Alkan Air was formed in 1977 by Barry Watson and two Whitehorse businessmen, Win and Joe Muff. It was named in honour of the famous Alaska Highway or Al-Can Highway which skirts the City of Whitehorse. Hugh Kitchen became a partner in 1987 when Win and Joe Muff decided to sell their stake in the company in order to start a telecommunications business in Whitehorse.
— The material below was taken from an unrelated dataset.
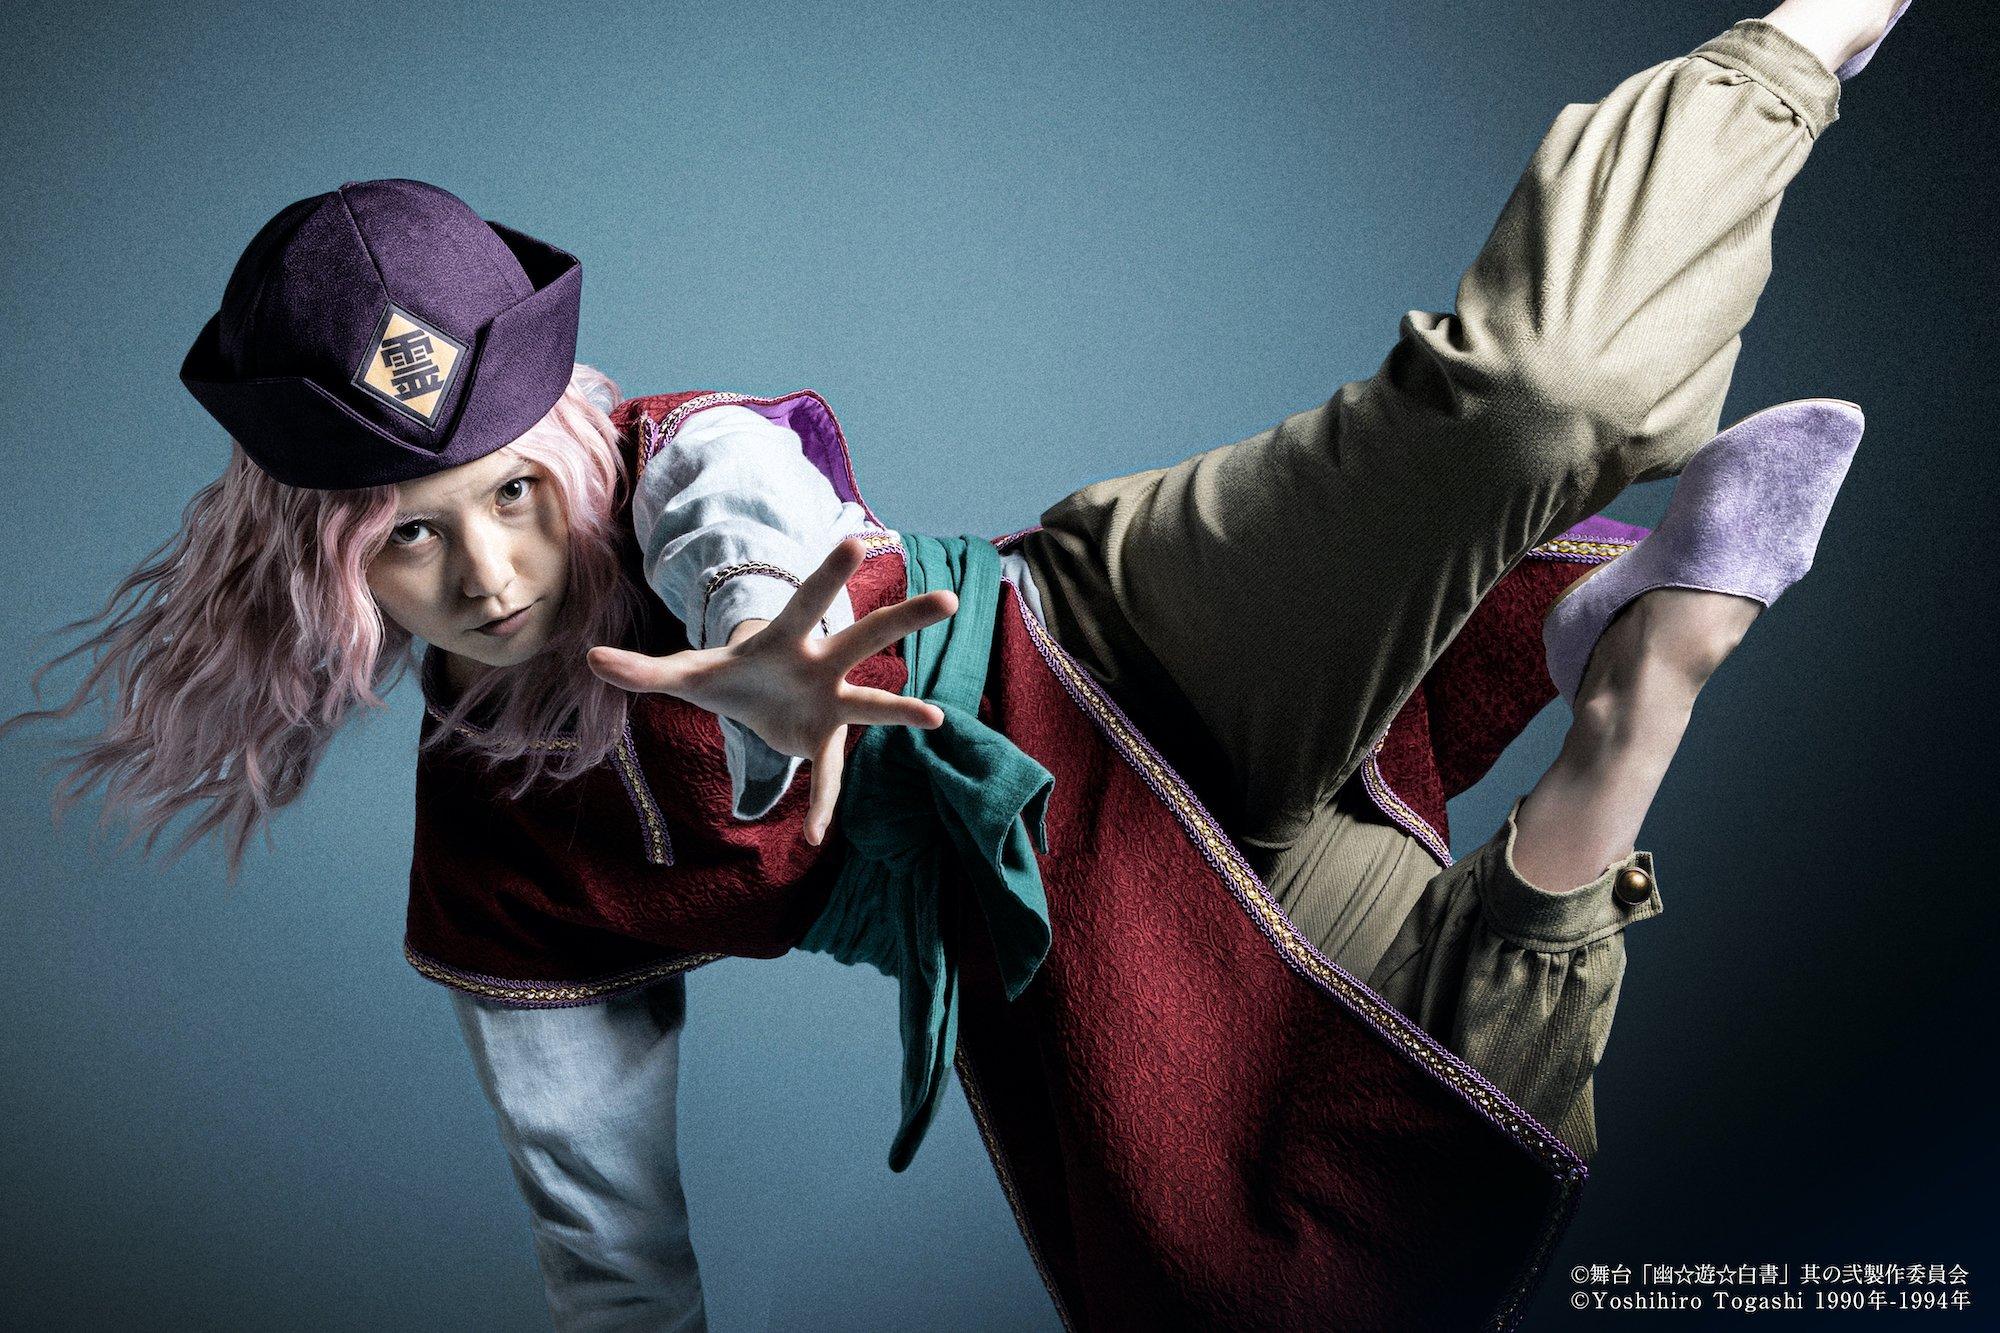 舞台『幽☆遊☆白書』全キャラクターのビジュアル解禁!戸愚呂兄弟&朱雀もお披露目にの画像007

The company began by operating a Cessna 206 on floats/skis and a Cessna 337 on wheels. Expansion soon followed and by 1987, when float and ski operations were discontinued, Alkan Air was one of the main providers of scheduled service in Yukon. In the early 1990s, the company gradually phased out scheduled flights in order to focus on charter operations. High performance, pressurized Beech King Airs were introduced in 1994.

Alkan Air primarily flies charter operations for hunting outfitters and government operations. Three Kings Airs are dedicated to flying medevacs for the Yukon Government.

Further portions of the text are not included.